Aplikasi terpopuler di dunia tahun ini, TikTok, belakangan ini sering menjadi sorotan. Beberapa hal yang disorot ialah terkait isu keamanan data pada aplikasi serta dugaan adanya hubungan TikTok dengan pemerintah Cina.
Isu dugaan hubungan dengan Cina ini telah membuat TikTok kehilangan pasar terbesarnya, yaitu India. Negara lain seperi Amerika Serikat dan Australia juga sedang mempertimbangkan langkah serupa.
Startup yang berbasis di Beijing ini sedang mempertimbangkan berbagai opsi untuk TikTok di tengah tekanan dari Amerika Serikat untuk melepaskan kendali aplikasi.
Menghadapai kendala ini, ByteDance, startup yang merupakan induk perusahaan TikTok, memutuskan untuk memutus semua hubungan dengan Cina. Kedua investor terbesar ByteDance, Sequoia dan General Atlantic, dikabarkan akan mengambil alih aplikasi berbasis video tersebut dengan valuasi sekitar US$50 miliar (kurang lebih setara Rp732 triliun).
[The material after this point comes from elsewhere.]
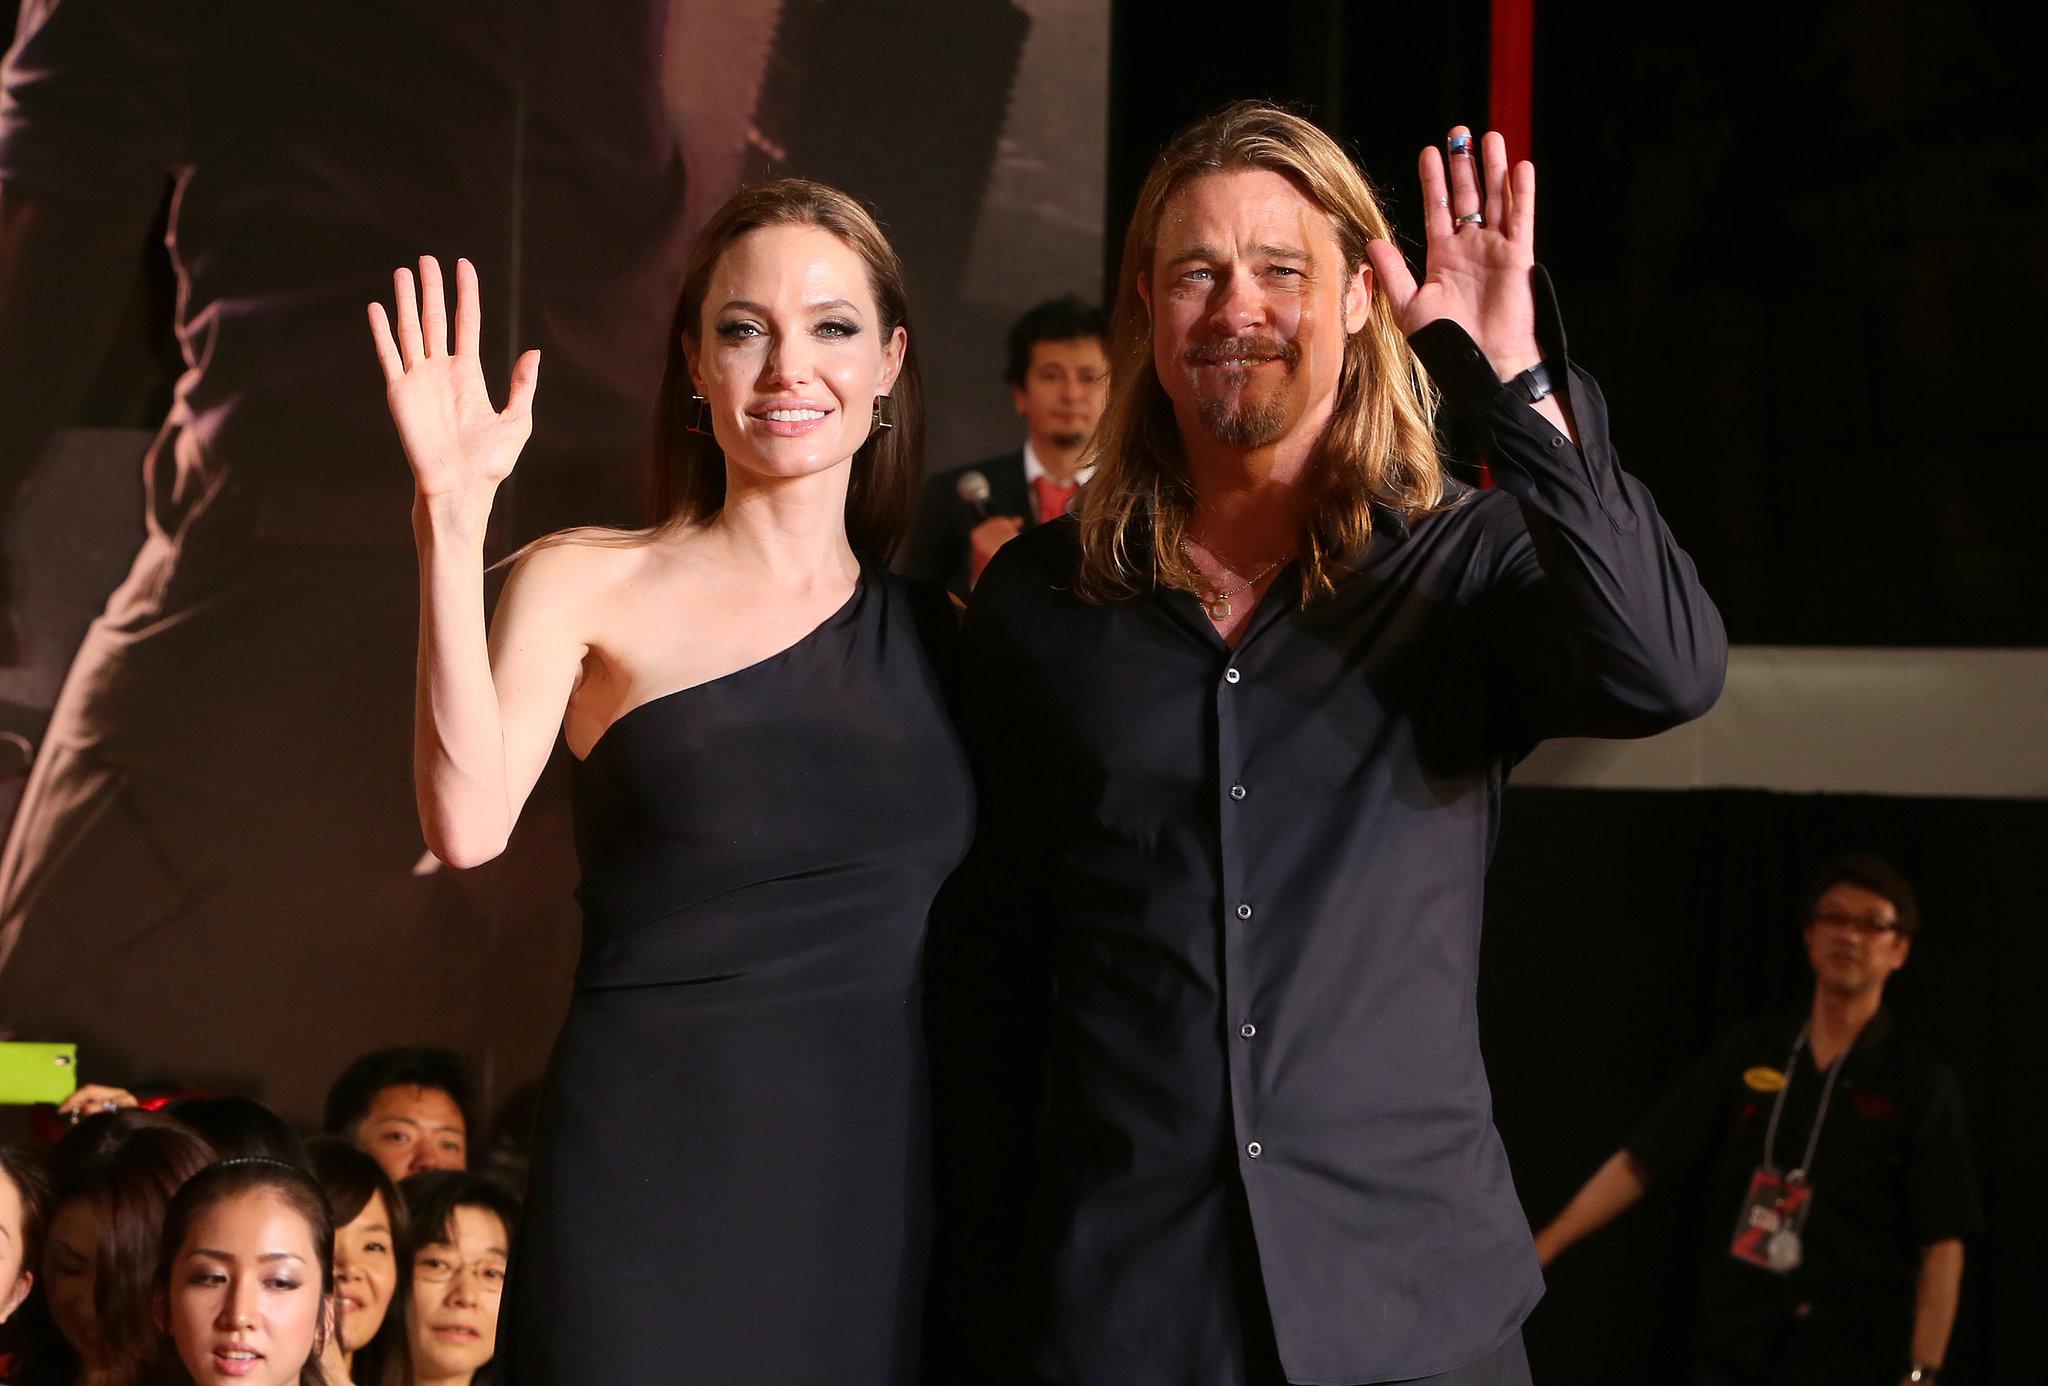 Brad Pitt and Angelina Jolie gave a wave.

Valuasi perusahaan ini besarnya 50 kali lipat dari proyeksi pendapatan pada tahun 2020, yaitu US$ 1 miliar. Meski banya perusahaan teknologi yang mendapat kelipatan tinggi dari pendapatan, ByteDance jadi perusahaan pertama yang mencapai jumla 50 kali lipat.
Sampai saat belum ada kejelasan apakah pendiri dan CEO ByteDance, Yiming Zhang, akan menerima tawaran dari tersebut. Sebelumnya, eksekutif ByteDance memproyeksikan valuasi TikTok mencapai lebih dari US$50 miliar.
Pada 2021, TikTok berharap untuk mencapai US$6 miliar dalam pendapatan. Seiring makin bertumbuhnya TikTok, semakin banyak pula uang yang dihasilkan dari iklan. Jika menggunakan model proyeksi yang sama, maka pada tahun 2021, valuasi TikTok akan mencapai US$ 300 miliar.
ByteDance sendiri memiliki valuasi senial US$ 140 miliar pada awal tahun ini. Nilai tersebut muncul saat salah satu pemegang sahamnya, Cheetah Mobile Inc (CMCM.N), menjual saham kecil dalam kesepakatan pribadi.